「賃貸派」の老後とは・・・②
生涯賃貸派には一定の合理性があります。所得水準の変化や家族構成の変化に応じて、ちょうどいい広さや家賃の物件に住み替え続けることがメリットです。年収がダウンしたときに遠くの物件や狭い物件に引っ越し、倹約することも可能です。
一方、生涯賃貸派にも弱みがあります。バラ色老後に向けて不安が残ることです。「老後の家賃は国も会社も補助してくれない」わけですから、老後の家賃分を確保する必要があるわけです。
65歳の男性は約19年、女性は約24年の老後が待っています。ひとまず20年と仮定し、毎月8万円の部屋に暮らすとします(それでは狭すぎるので16万円の部屋で老後を送りたい人は以下の数字を2倍してください)。家賃は年間96万円、20年では1920万円必要です。賃貸なら更新料がかかるでしょうから、2000万円突破は確実です。
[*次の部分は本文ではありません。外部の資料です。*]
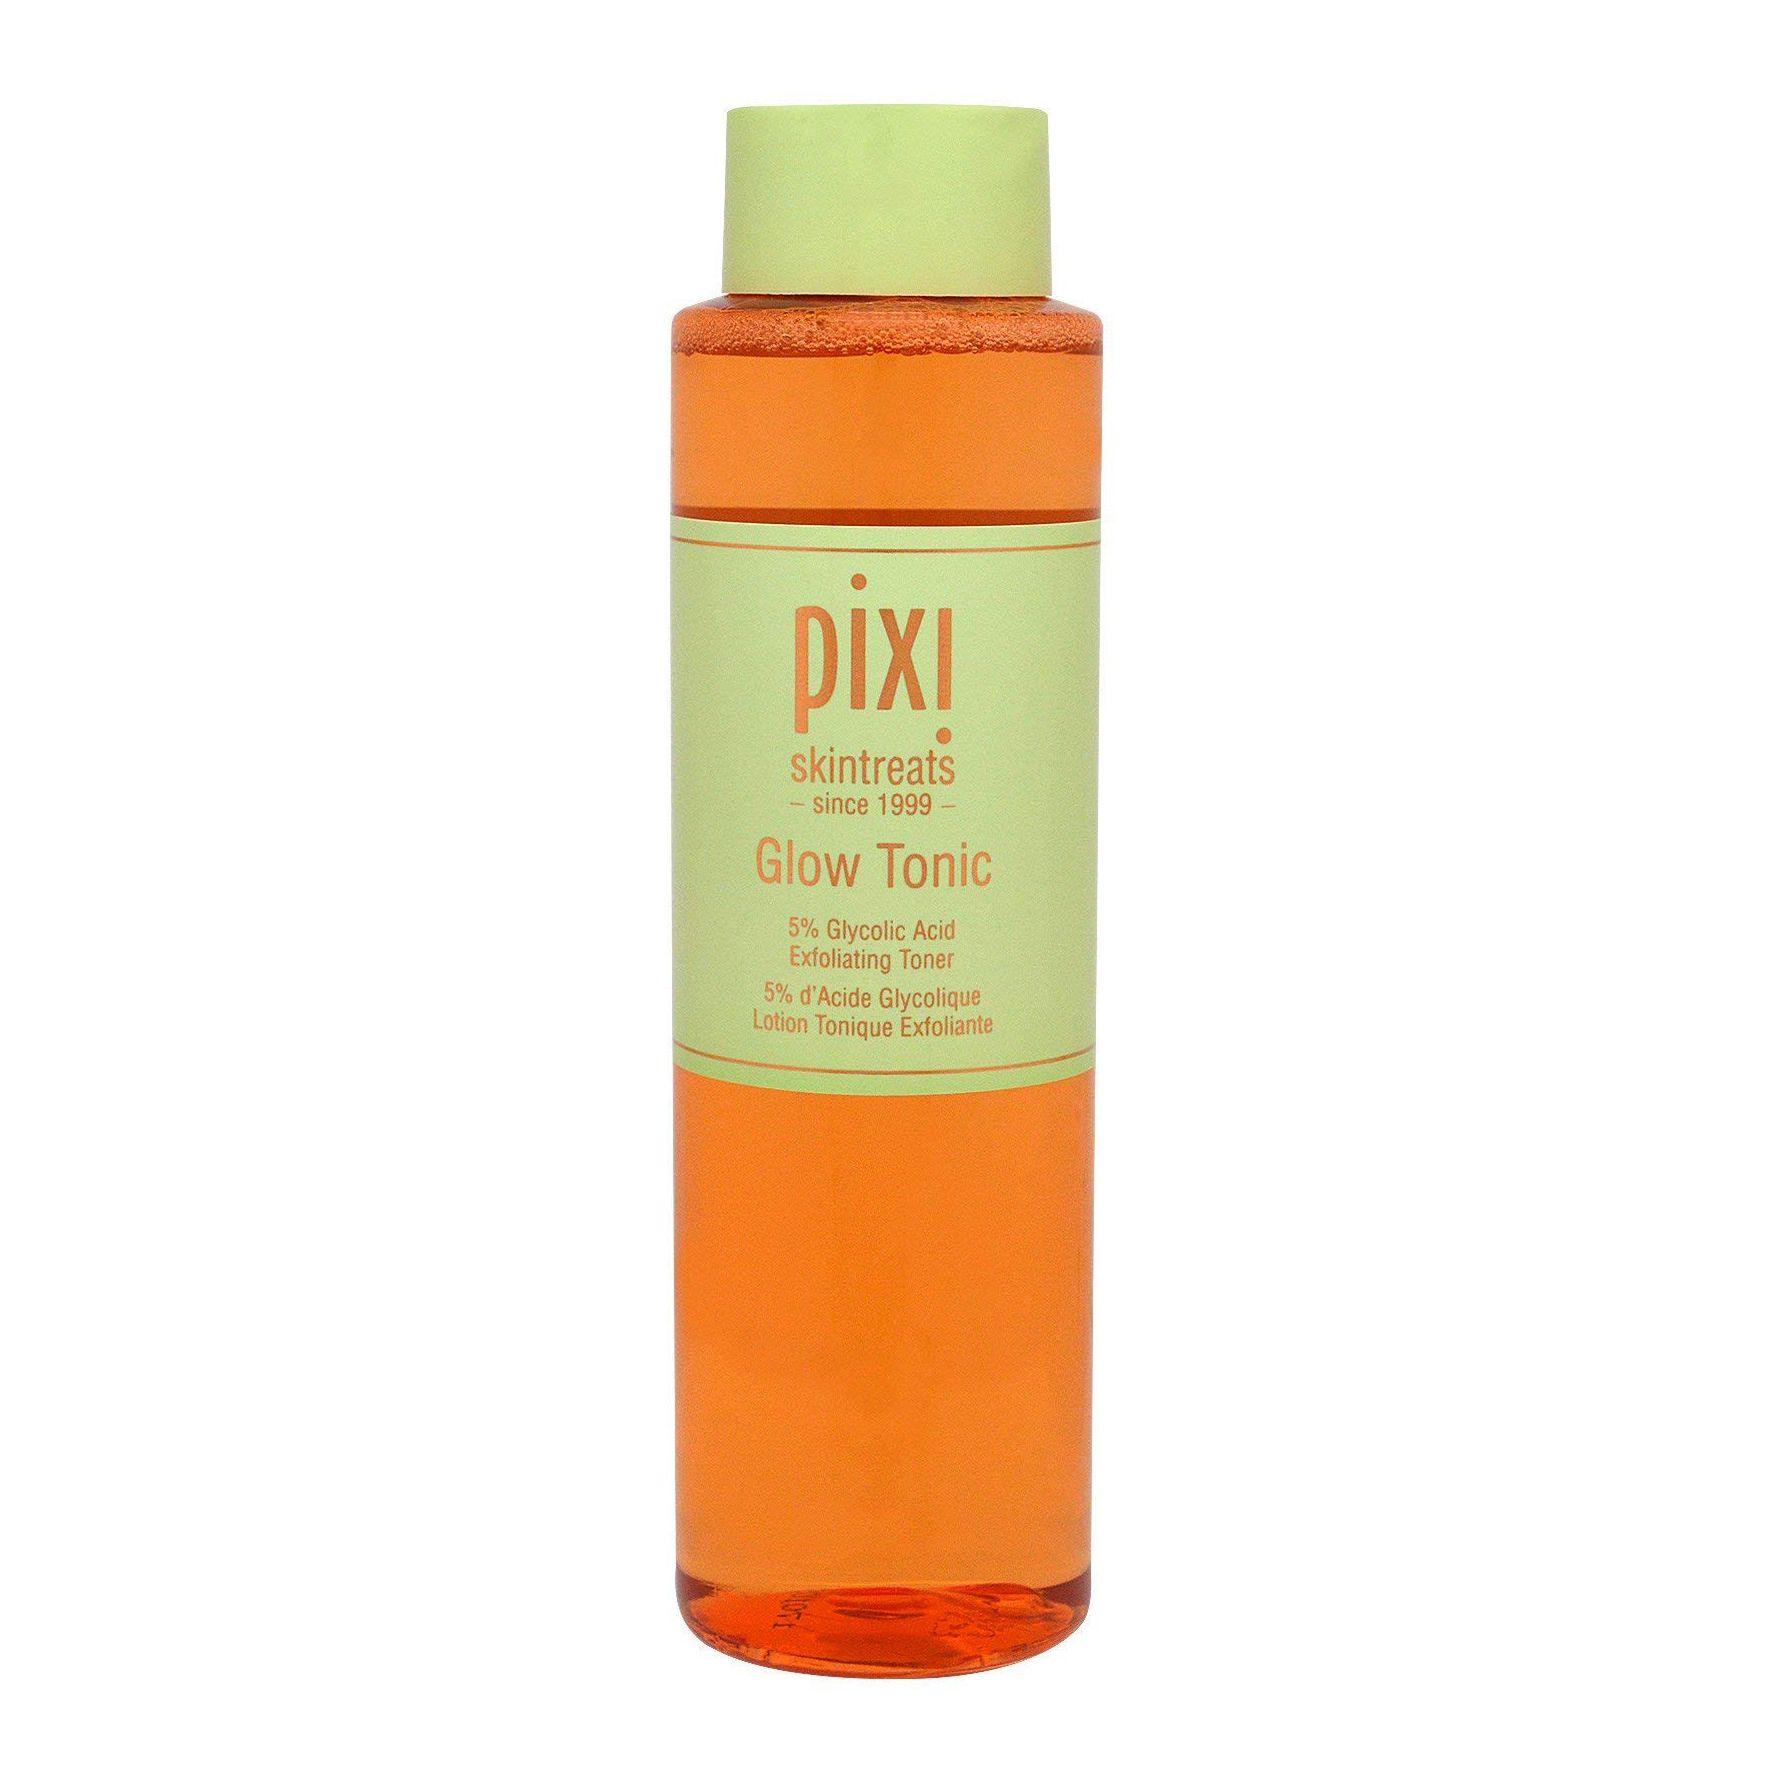 Pixi Skintreats Glow Tonic Exfoliating Toner 250ml

これは普通の世帯に「老後の準備目標は3000万円」と説明するものとは別に考えるべき老後資金です。「生涯賃貸派の老後準備額は5000万円以上」となります。
さらに賃貸派は長生きするほど多くの家賃が必要です。必要な家賃を30年分見積もると、家賃8万円だと2880万円が必要で、予算額は1.5倍に膨らみます。生涯賃貸派は老後準備をかなり上方修正して、必死にお金をためる必要があるわけです。